# Aim of the exercise
Each line in the material below, starting at the one with "Saroj maheera astonishing" and ending at the one with "Diwali Poster Plp File KD Download", is to be reproduced exactly; no picture is to be copied.

# Listed records
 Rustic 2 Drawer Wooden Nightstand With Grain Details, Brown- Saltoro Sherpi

...

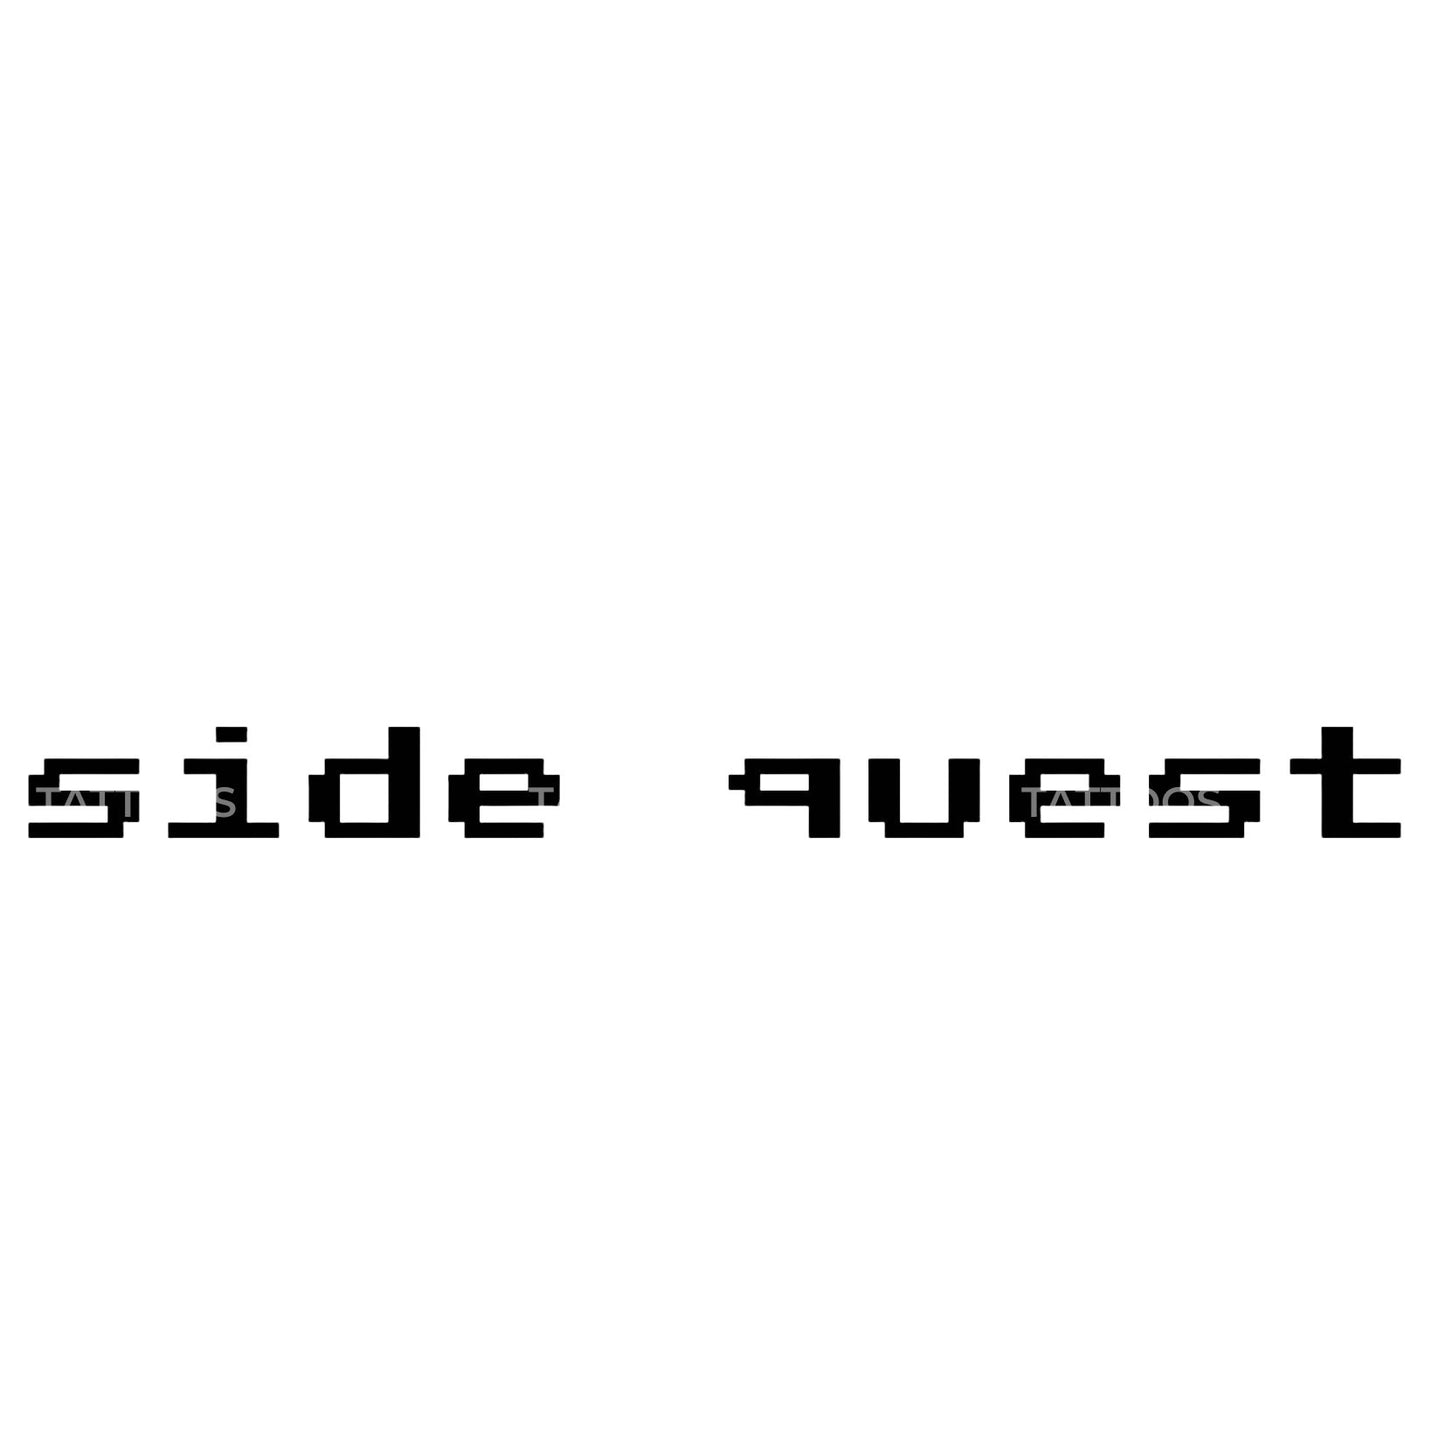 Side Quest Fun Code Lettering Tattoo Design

==

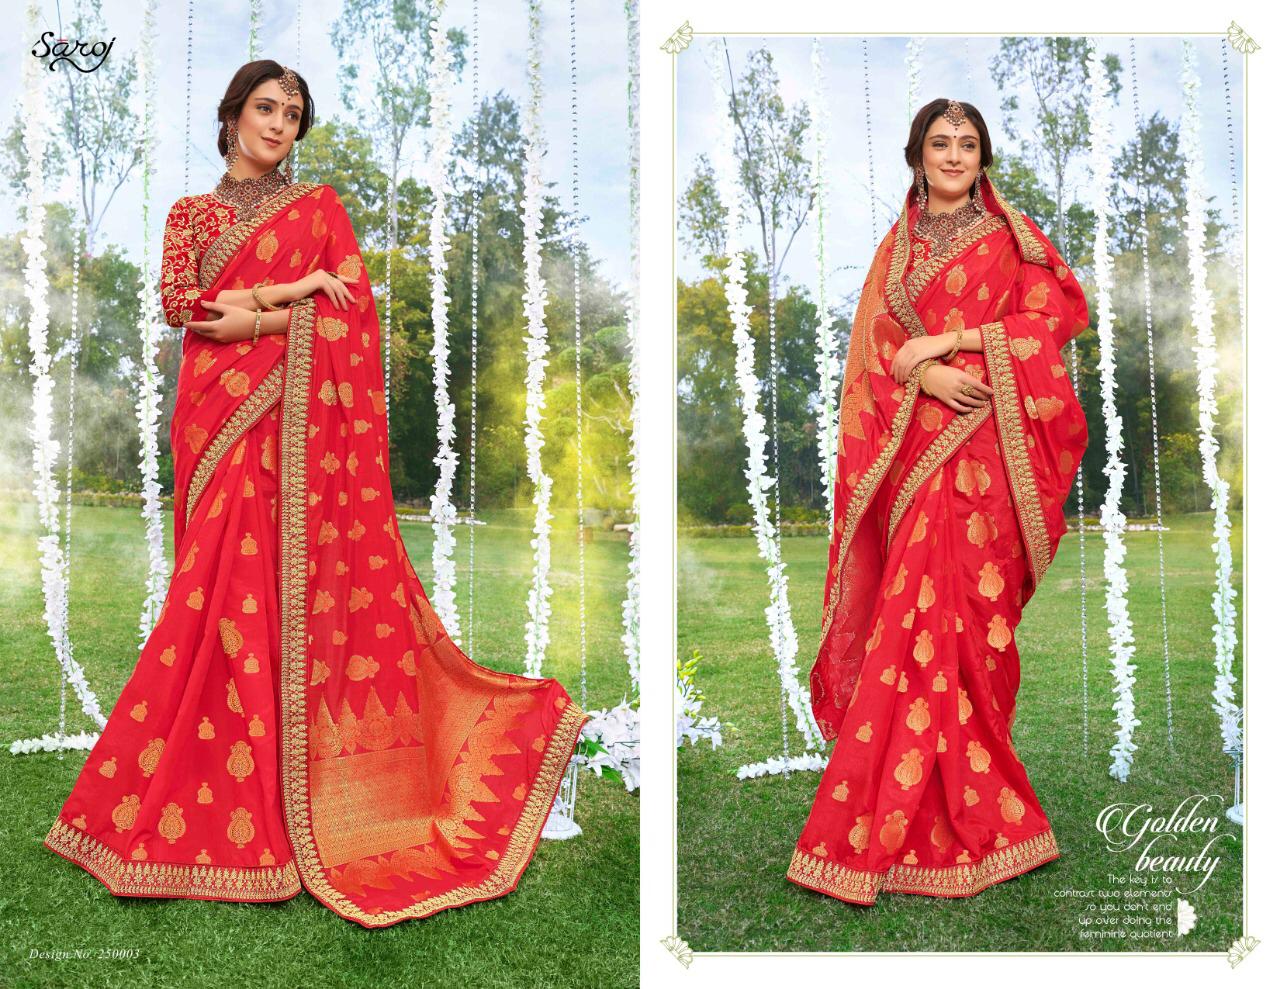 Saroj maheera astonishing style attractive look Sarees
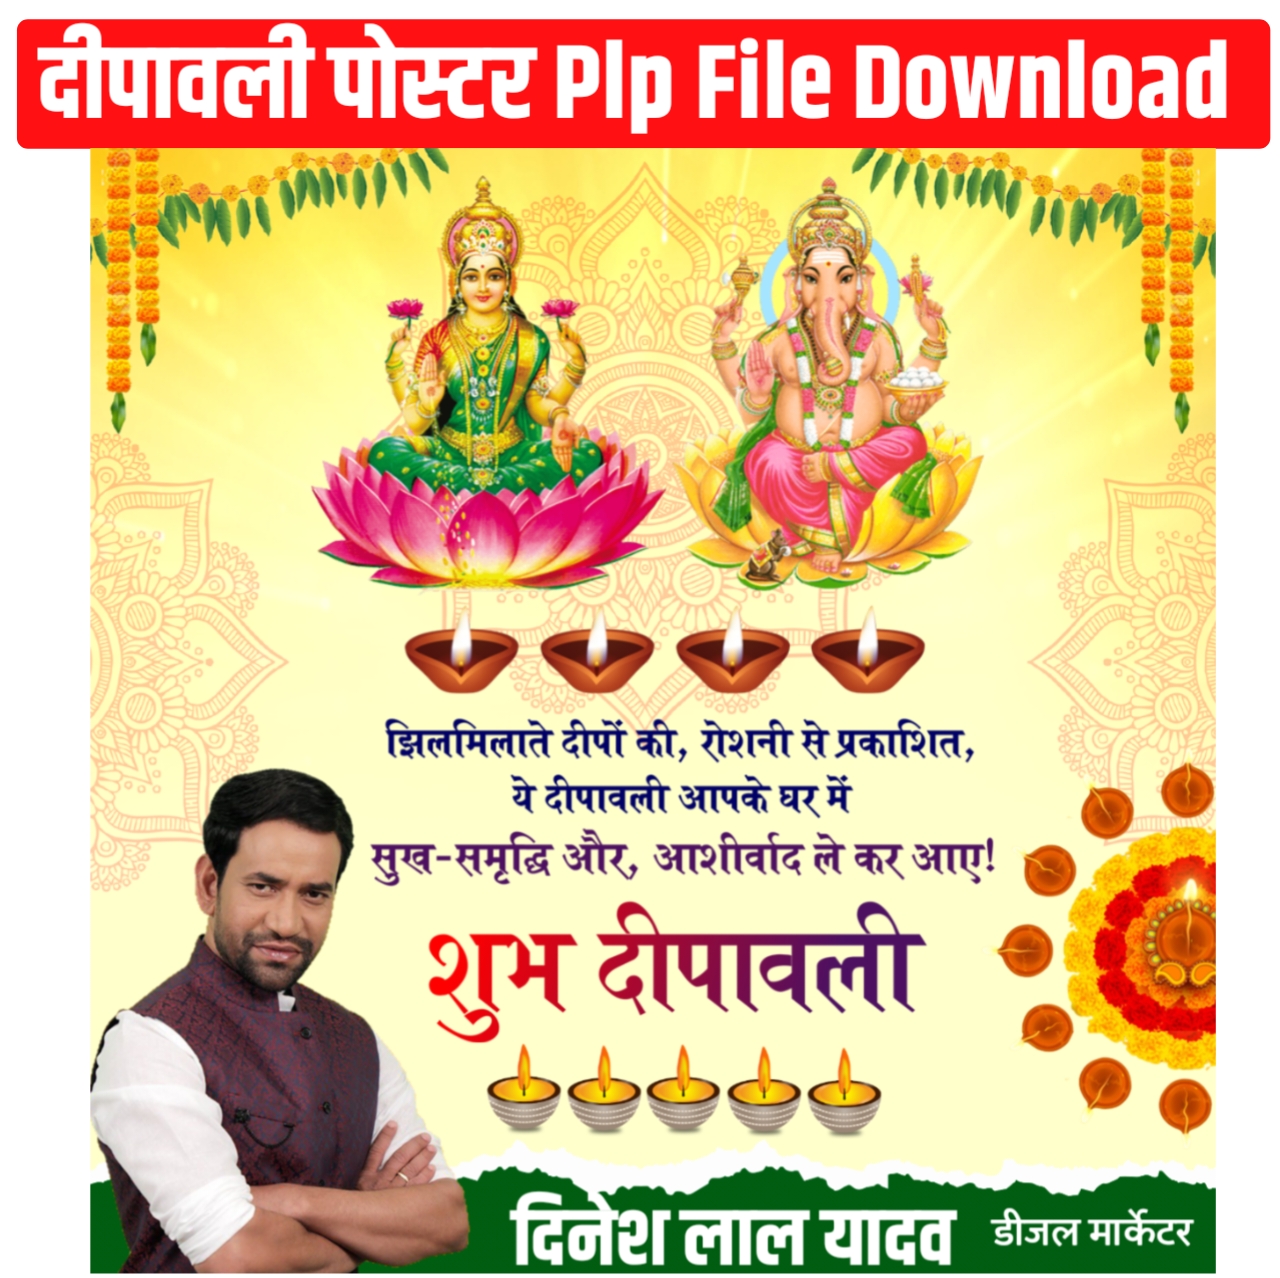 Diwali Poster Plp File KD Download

# Output of the exercise
 Saroj maheera astonishing style attractive look Sarees
 Diwali Poster Plp File KD Download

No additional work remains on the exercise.